I’ve highlighted some important parameters in red, “seqfile” and “outfile” are self explanatory, except to say that the infile needs to be in a “typical” format, I use fasta because it is what I use(-;. The “runmode” is set to -2 to indicate that you are doing pairwise dNdS. “CodonFreq” and “kappa” incorporate parameters into the model that account for biological relevant aspects of protein evolution. CodonFreq controls the codon frequency parameter of the model, setting it to 0 implies that all codons are equally likely, 1 assigns the value based on the average nucleotide frequencies, 2 assigns the values based on the average frequencies of nucleotides in the codon, 3 allow the parameters to be estimated freely. All codons are generally not equally likely due to differing tRNA availability, ignoring these processes can lead to biases in the estimated dNdS. Kappa is the transition to transversion ratio. The chemical properties of DNA mutation create a bias toward transitions, and as transitions at third codon positions are more likely to be silent than transversions, ignoring this parameter nearly always results in an overestimation of dS and thus a correspondingly underestimation of dNdS. If the kappa value is set to 1, the transition bias is ignored, while setting it to 0 allows it to be estimated from the data. With these reference to these parameters, counting models such as NG86 (Nei and Gojobori (1986)) can be mirrored by setting K=1 and codonFreq = 0. Alternative settings for these values comes at a cost in that it increase the number of parameters that need to be estimated, however, their incorporation into the model makes for a more biologically relevant estimation of dNdS.

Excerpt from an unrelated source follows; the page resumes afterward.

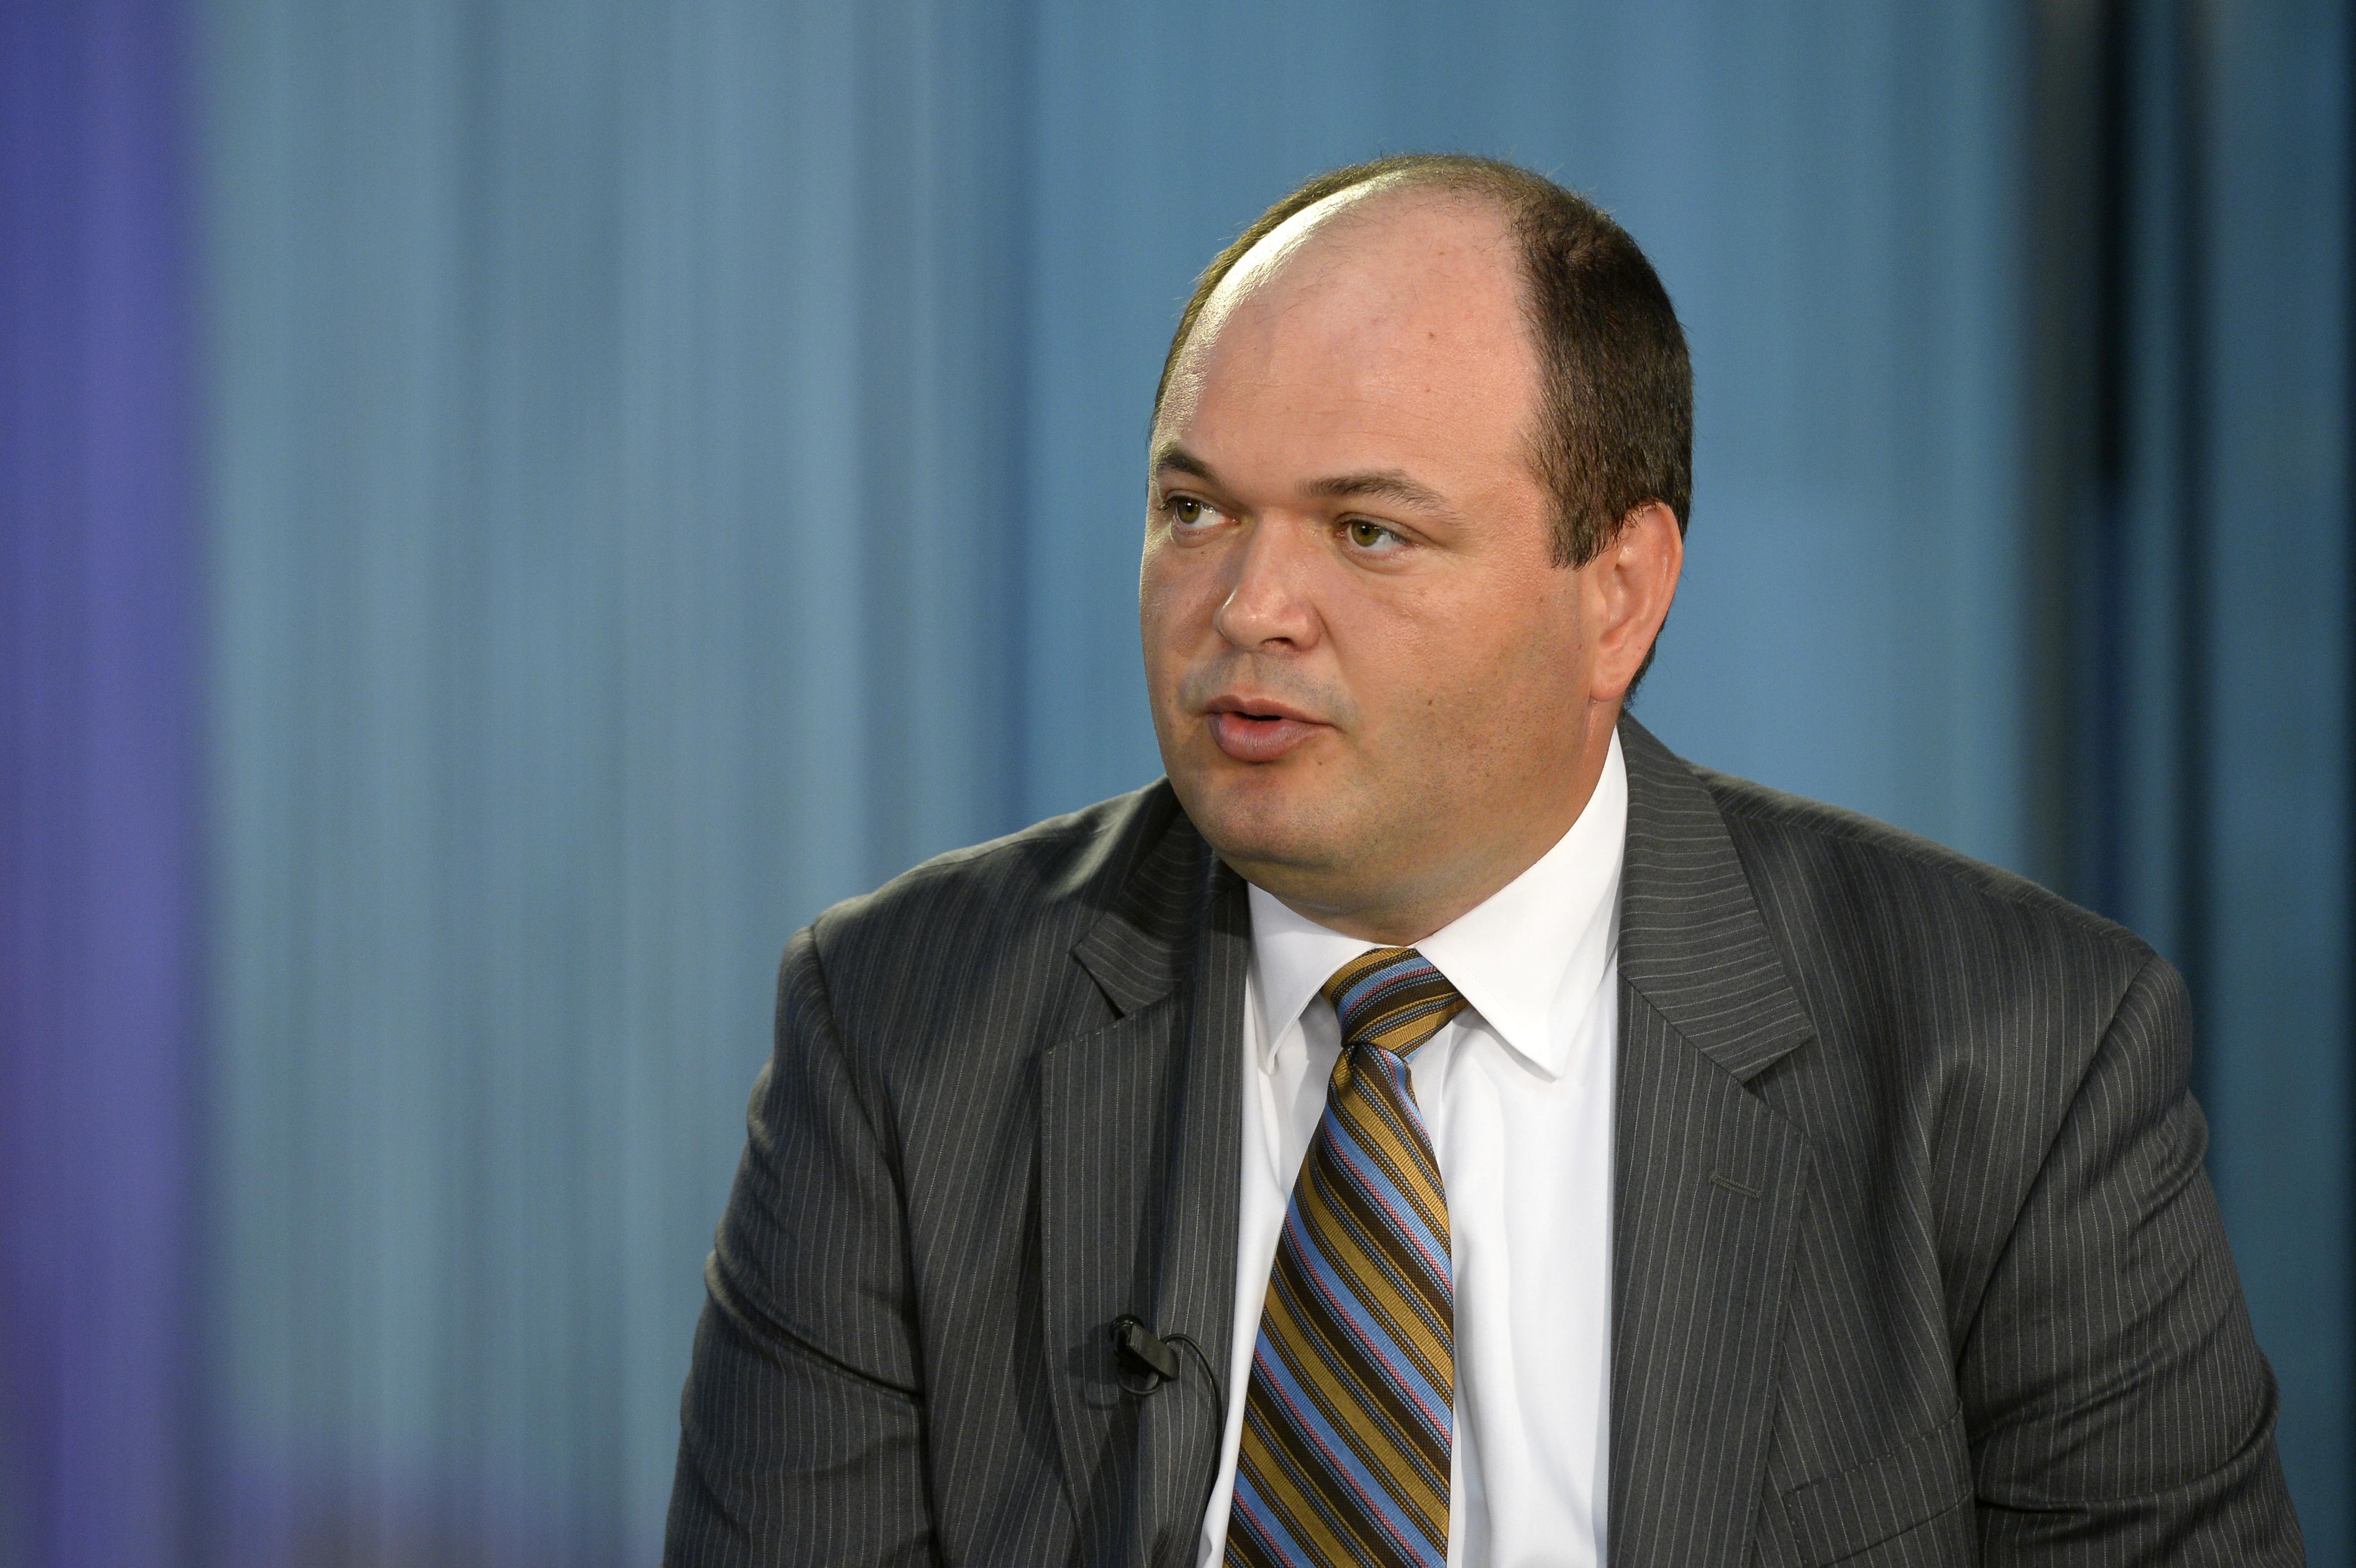 Presedintele Consiliului Fiscal: Trebuie acoperit un gol de 2% din PIB in buget pentru reducerea CAS si alte masuri

Final notes: It should be noted that these estimates of dNdS are not very sensitive to detecting positive selection. This is for two main reasons, firstly many amino acids are structurally important for the proteins core function and are thus correspondingly nearly invariably, this results in positive selection acting on a relative small number of codons. Secondly, selection tends to be episodic (occurs in spurts). This means it is difficult to detect positive selection by just taking the average dNdS across the entire protein from a single pairwise comparison. To overcome this methods have been developed that detect changes in dNdS across a phylogeny derived from multiple sequence alignment, and I’ll focus on these methods in the next addition!

I’ve been very slack with references for this post because I wonted to focus on the core considerations of using codeml, however, most of the above is based on reading the excelling coverage of this topic in: Maximum likelihood methods for detecting adaptive protein evolution

Bielawski, JP and Yang, Z (2005) Maximum likelihood methods for detecting adaptive protein evolution. In: Nielsen, R, (ed.) Statistical Methods in Molecular Evolution. (103 – 124). Springer-Verlag: New York.